There is always someone dying somewhere, while we heedlessly press ahead with our nightly entertainments; a brutal boxing match, a murder in a live sex-club, imagining ourselves absolved by the music of “her fine whine, diminishing behind her” in a “Church Underground”.

Buying our way into heaven with small acts of charity.
“The water came up to the eaves
You’d think someone had opened a valve
It’s too soon to stay now and too late to leave

So spare your remorse all the way up to Calvary”

Allen showed nothing but grace and admirable stoicism through all of this. He had the strength and the wit in reserve that he had put into songs like “Hercules”.

The decision we took to complete our sessions in a city still under curfew was an easy one once we found there was a functioning studio, “Piety Street”, in the aptly named neighbourhood of Bywater.

Producer Joe Henry and I knew we must accompany A.T. back home, as so many did, to begin again.

Eventually we even persuaded Allen that he must go to the vocal microphone for the opening verses of a song that he had written forty years earlier but was once again right on time: “Who’s Gonna Help Brother Get Further?”.

Allen Toussaint spent much more of post-Katrina life on the road.

I was his guest at the Jazz Fest the following Spring before he and the horn section we dubbed The Crescent City Horns – Joe “Foxx” Smith, Amadee Castanell, Brian “Breeze” Cayolle and Big Sam Williams and guitarist, A.B. Brown, joined The Imposters on a tour from Green Bay MI to the House of Blues on Decatur St in the French Quarter.

The following summer, with The Imposters rhythm section otherwise detained in France, Steve Nieve and I joined A.T.s band and the vocal harmonizing bassist, Paul Bryan on a European tour from the tiny The Picket in Liverpool to the open air Odeon of Herodion below the Acropolis in Athens.

That night we played a song that A.T. and I had written together more in celebration than lament.

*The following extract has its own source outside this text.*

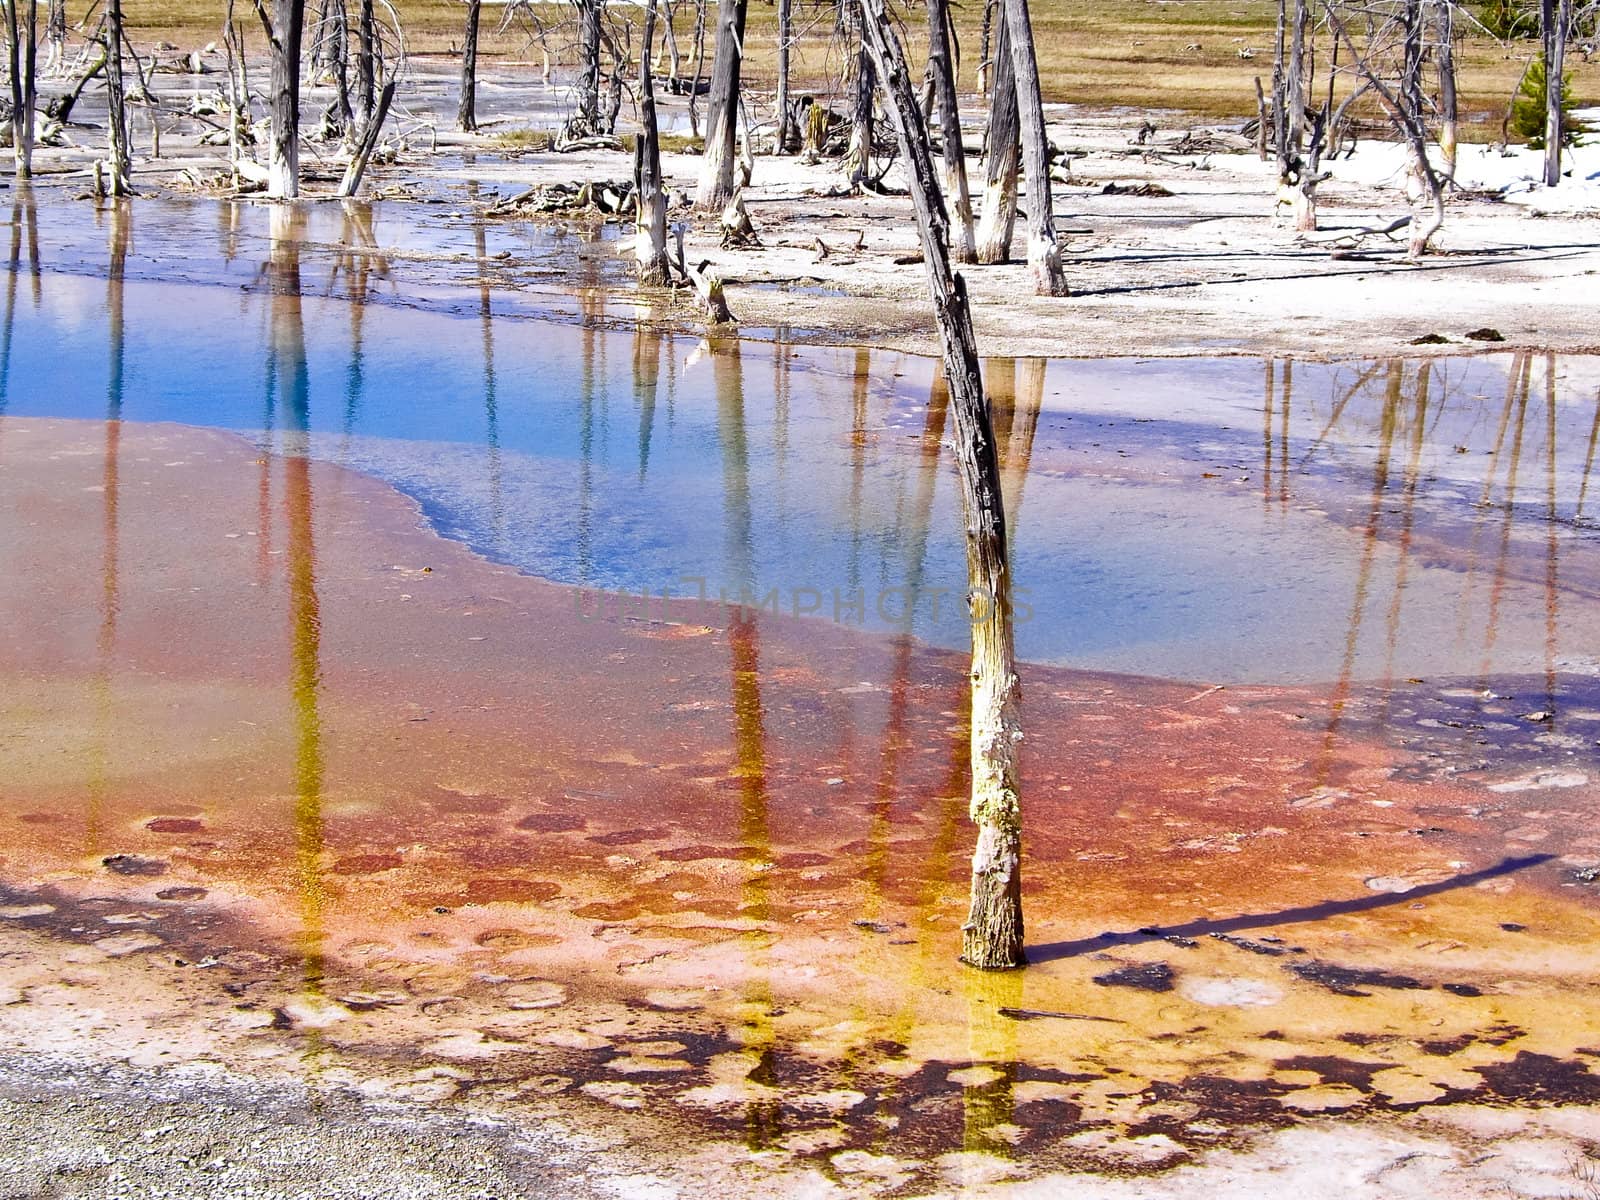 Trees in acidic thermal pool in Yellowstone Park

Allen’s joyful rolling piano and horn refrain probably does more to express what I could only hint at in the lyric…
“Send out a message and it’s sure to rebound
What’s that I hear?
What is that sound?
Seems to be coming from under the ground

International echo”

To be continued…

1) BRILLIANT DISGUISE – Elvis Costello from “Kojak Variety”

2) POINT OF NO RETURN – Elvis Costello from “Vinyl”

3) STRANGE – Elvis Costello from “Kojak Variety”

4) I’M AHEAD IF I CAN QUIT WHILE I’M BEHIND – Jim Ford from “Point Of No Return”

5) I’M A MESS – Nick Lowe from “The Convincer”

6) I HAVE CRIED MY LAST TEAR – Cliff Bennett & The Rebel Rousers

7) GET OUT OF MY LIFE WOMAN – Lee Dorsey from “Ride Your Pony”

8) LIFE – Dr. John from “In The Right Place”

9) DEEP DARK TRUTHFUL MIRROR – Elvis Costello from “Spike”

10) ON YOUR WAY DOWN – Little Feat from “Dixie Chicken”

11) SWEET PEAR – Elvis Costello from “Mighty Like A Rose”

12) CHEWING GUM – Elvis Costello from “Spike”

13) RIVERBOAT – Lee Dorsey from “Yes We Can”

14) DON’T PITY ME – Curly Moore from “The Soul Of Treme”

15) NEARER TO YOU – Betty Harris from “The Lost Queen Of New Orleans Soul”

16) TIPITINA – Dr. John from “Gumbo Blues”

17) ASCENSION DAY – Elvis Costello & Allen Toussaint – from “The River In Reverse”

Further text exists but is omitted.